When I was little, it was thunderstorms, the dark, and monsters under my bed. I was always prepared with a flashlight and a can of anti-monster spray (Lysol) that was given to me by my mother. As I grew into adolescence, I was probably most afraid of getting caught: smoking, skipping school (only one time), lying to my parents about where I’d been–take your pick.
But now that I’m a grownup—my adult fears are pretty compelling. So what am I afraid of?
Downsizing at work and losing my health insurance are both valid fears, the way the economy is plunging these days. Sometimes my fears are deeper-seated, more rooted in the part of me that forever remains a child: I’m still afraid of spiders, heights, and getting lost in an unfamiliar place.
Like me, if you’re a breast cancer survivor, you’re probably afraid of a recurrence. I always wonder if it’s coming back. Every time I have a headache, sore joints, or pain in my ribs, I have to keep reminding myself that I am three years out. I dream about my five-year anniversary so I can stop worrying. But then, the consummate worrier in me begins to question my five-year anniversary. If the stats change, I’m screwed. I realize I’m still on the hook, probably for another 15 years or so… And I start to think, “Am I doing everything I can to keep cancer away?”
Some people are scared of everything. A few examples that come to mind include the microwave, preservatives, pesticides on fruit and vegetables, chemicals in the underarm deodorant, you name it, some people are convinced it’s going to open the window just enough for cancer to slip back in. Many people engulf themselves on the Internet, where more than likely you find, “[fill in the blank] may be tied to breast cancer.” Am I really one of those people who worry that something I ate, breathed or played with 40 years ago may come back not only to haunt me, but give me cancer? As a kid, I loved Ring Dings. Am I in denial that the hard chocolate and creamy filling with sugar, and ingredients that I can’t pronounce were bad for me? Did Ring Dings give me cancer?
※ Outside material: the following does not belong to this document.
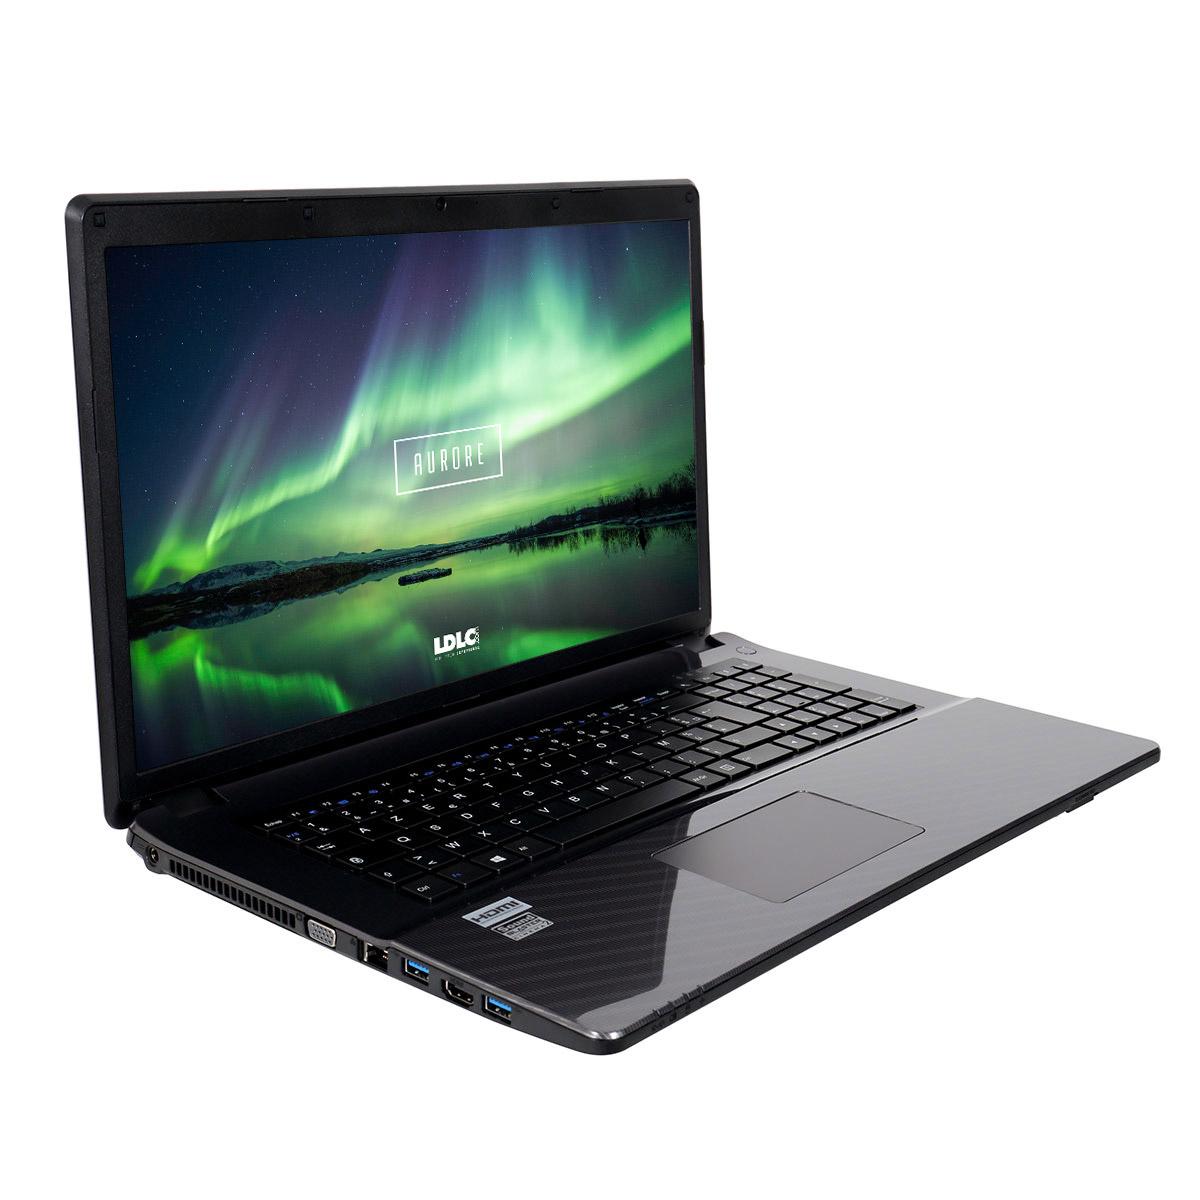 "PC portable LDLC Aurore Ci3-4-H20 Intel Core i3-6100H 4 Go 2 To 17.3"" LED HD+ Graveur DVD Wi-Fi N/Bluetooth Webcam (sans OS)"

Then there are survivors who worry about nothing; well, not cancer, at least. Maybe these people trust in science and medicine. I know I do. But for whatever reason, recurrence isn’t something that is thought about much. And when it is discussed, it’s with a cool, calculating eye: keeping life insurance policies up to date, thinking twice about applying for a new job because it might mean a change in health insurance. I think I’m pretty cool. Does that mean I am a non-worrier?
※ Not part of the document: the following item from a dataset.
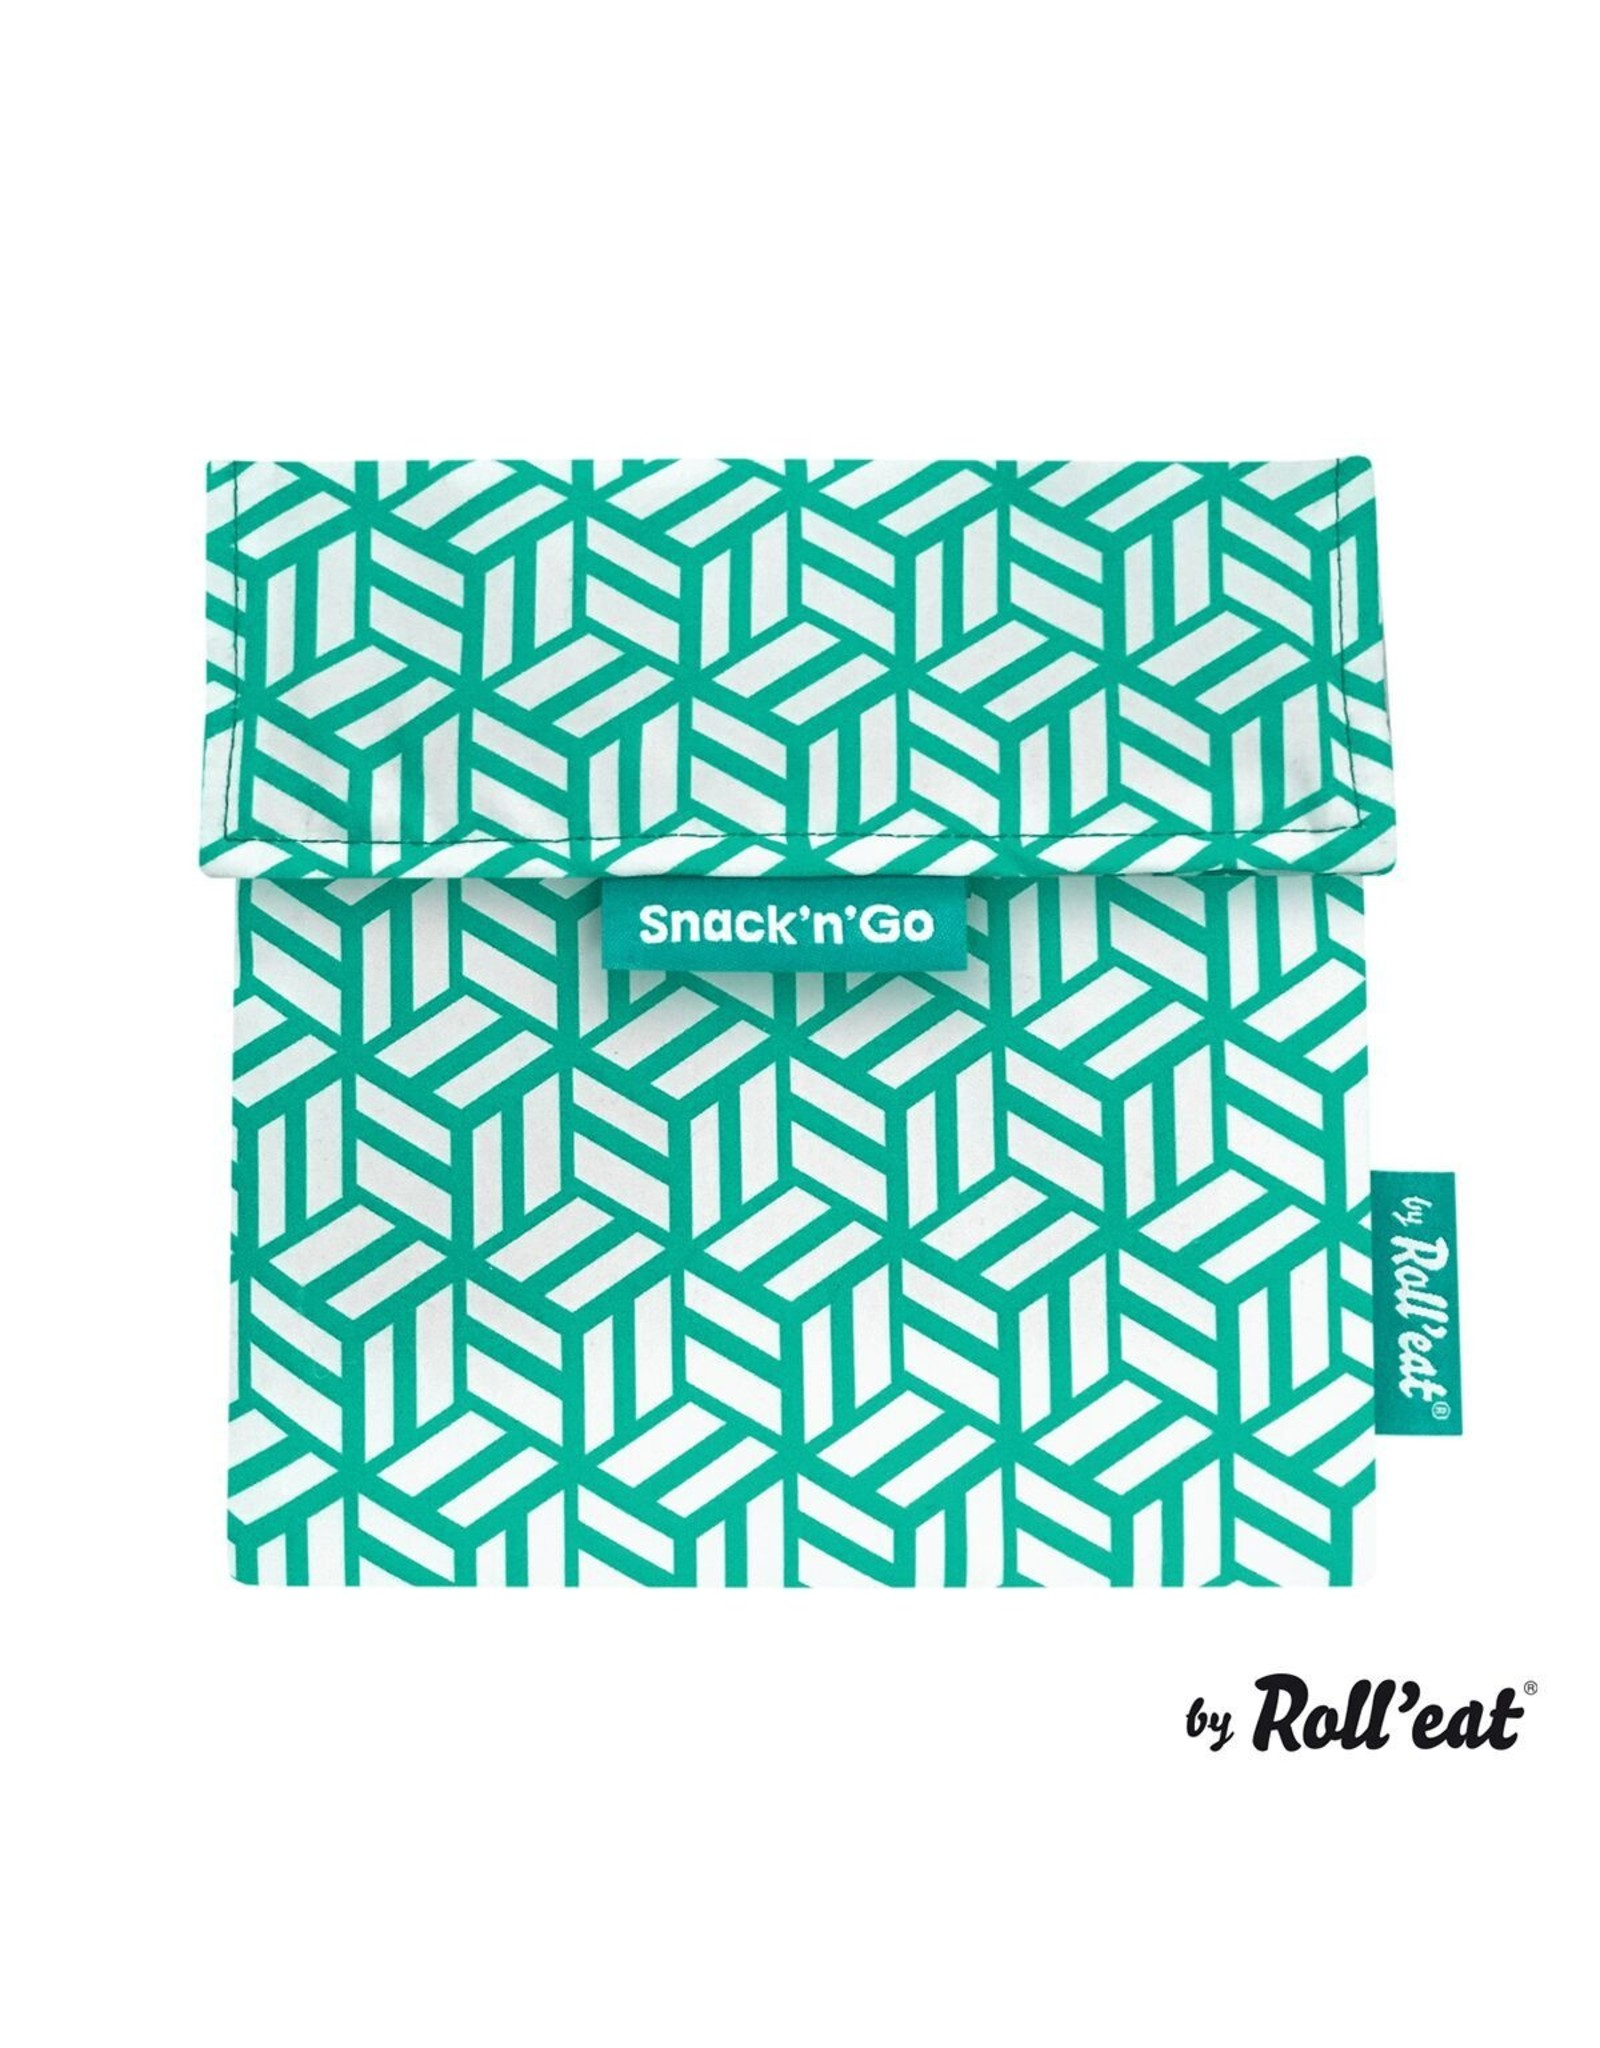 Roll'eat: Snack'n'Go grafisch groen

Do worriers have a brave approach, realistically looking their possible fate in the eye, while their sisters, who I consider Pollyannas, go carefree and ignore steps they could take to lower their risk of recurrence?
Or are the non-worriers on the right track? Do they feel they simply are not going to waste their time stressing about the small chance that they might get cancer again.
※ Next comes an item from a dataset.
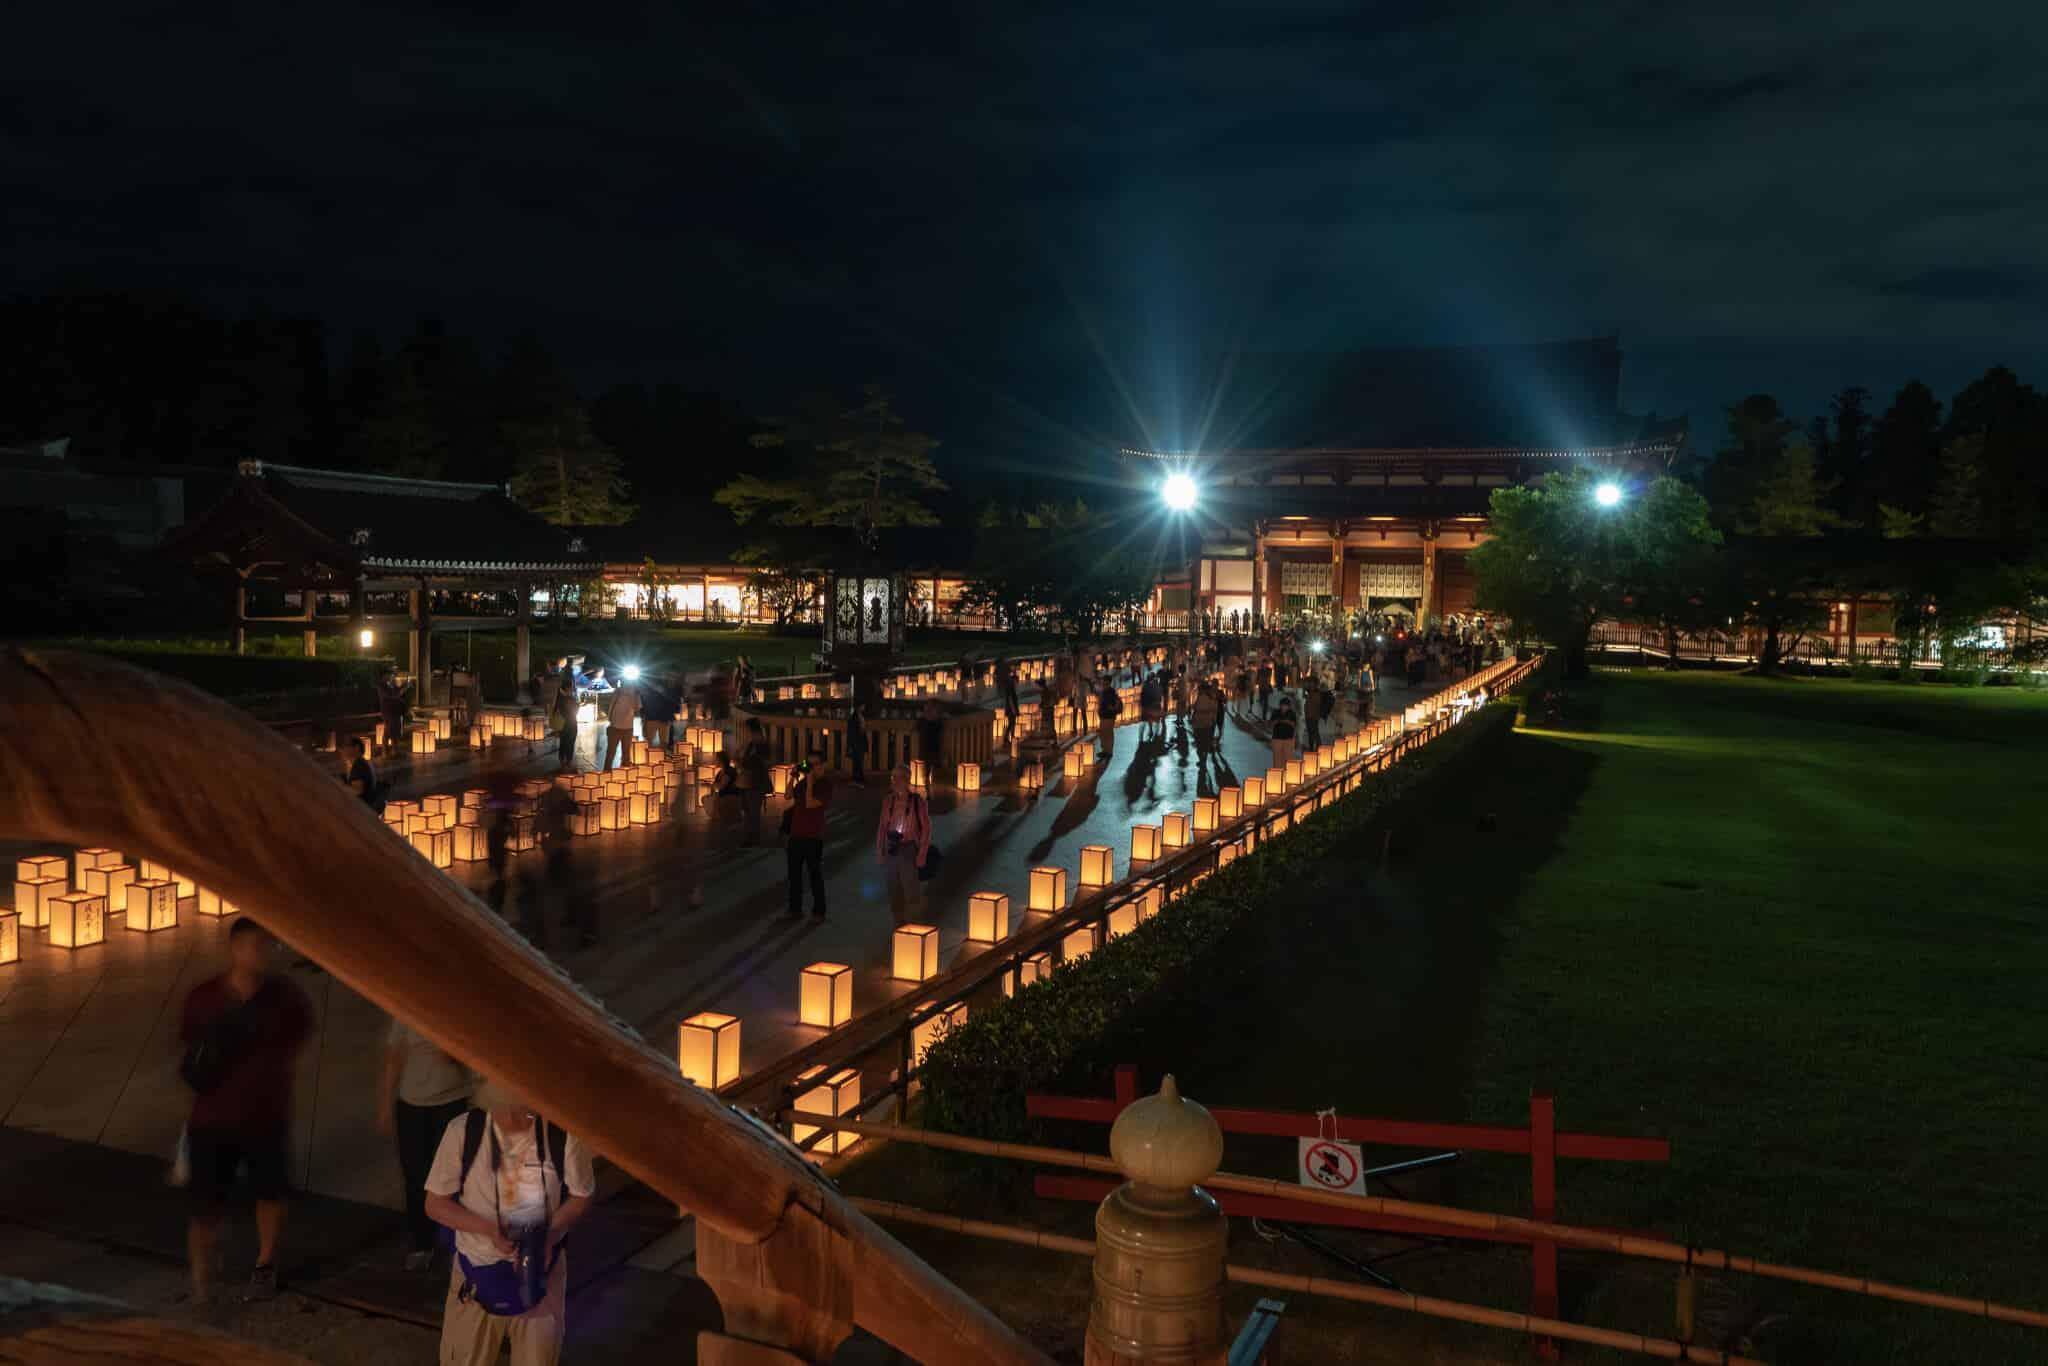 東大寺の万灯供養会

Is anybody right or wrong? However you feel about cancer coming back is nobody’s business but your own. There’s no “right” or “wrong” when it comes to fear, especially the fear of cancer, our ultimate monster under the bed.
If you’re a worrier, you’ve probably worked out how best to incorporate stress into your life so that you can keep functioning. Admit it. We all have. If you’re a Pollyanna, you’ve no doubt learned how to tune out friends who caution you against the amount of chocolate you consume, or BBQ’d chicken. Just like everything else concerning breast cancer, I’ve learned it’s my own unique experience, no one else’s.
Me, I’m learning to be a non-worrier. I exercise (not as much as I would like) and still eat sweets. I’m pretty aware of my breast topography and know my odds (6.5%)—and they don’t scare me. I’m comfortable in my skin, scarred though it is. Cancer? Been there, done that. No worries. Just call me Pollyanna.